Tuesday, March 29, 2005
So Safe I Could Scream
Tuesday morning, day two of my “five days at the office” posts. Once again, I’ll conclude with a random business name from Richmond or Albany, CA. Just because I cherish structure.
I usually sit at an internal cube, sheltered from direct exposure to the outside world. But last Tuesday, I realized that, with my supervisor and colleague both away, I ought as well undertake my routine desk work at their desks, with their associated expansive views west down Howard Street and north over across the cityscape. It was 11:45 by the time I got fully situated. At noon I happened to look up into a murky day of blue rain and heavy clouds, spring showers and squalls lashing the window at the whim of the wind....
Then I heard the sirens. Oh yes, Tuesday, noon. Sirens. Every week. But this time it was different - I really noticed them. My mind flashed back to those ads I’ve been seeing lately on the busses: ears to the left and right, listening to a black background with a clock in the center. “The Tuesday Noon Siren. (Move over, foghorns. Safety has a new sound.)” They’ve always blown civil defense sirens at noon on Tuesdays, as long as I can remember - a weekly warning warmup that almost seemed comforting in its regularity and soft keening call. It was like the bellow of a she-bear to her cubs, an invitation home for cocoa and shelter - be it a defensible treestump, or radiation pills. But the ads had alerted me - there was a new siren in town. And I was right next to the windows, not squirreled away in the rabbitwarren. And that mutha was heavy.

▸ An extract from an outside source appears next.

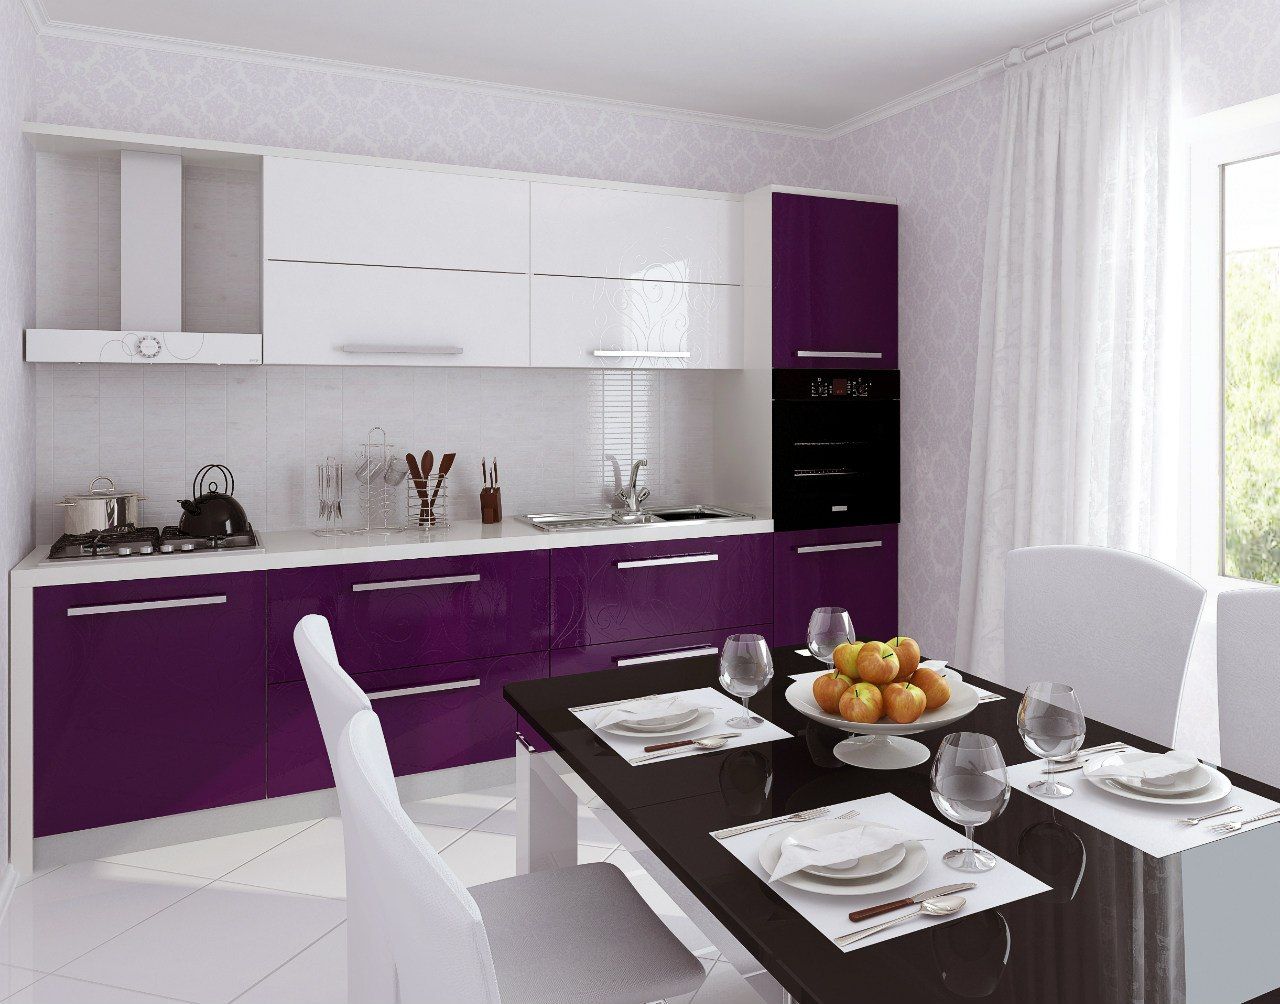 Interior dapur putih dengan warna dominan.

The siren struck as I was already looking out down Howard Street, the brake lights and headlights, business marquees and billboards all peering dimly back at me through the rain. The sound was intense, immense - a single rising wail that seemed to come from deep below the ground and rapidly, inexorably, rose in the air all around my building, all around me, till it reached an anguished alto beyond which both my heart and ears would start to bleed - and then, just as rapidly, ebbed away, dropping in volume and pitch till it extinguished itself in the sodden pavement, disappearing entirely within just a few seconds of its beginning.
One call of the siren, and it was over. The city seemed not even to have noticed it; all went on as it usually did. But, having heard it myself, loudly and clearly, I felt as if I’d lost something with spiritual value, in exchange for a useful but soulless tool. The old foghorn of attentiveness had been replaced with the klaxxon of outraged anxiety. It certainly fulfilled its primary goal of heightened awareness, and did so with chilling efficiency - but had replaced a warm beacon of safety with a yawning auditory emptiness, a sound that evoked an existential crisis. I couldn’t tell, as I looked out over the apathetic city, if the siren was warning me of something that was coming, or something that was already here.
Random business name from Richmond or Albany, CA: Naral, Div.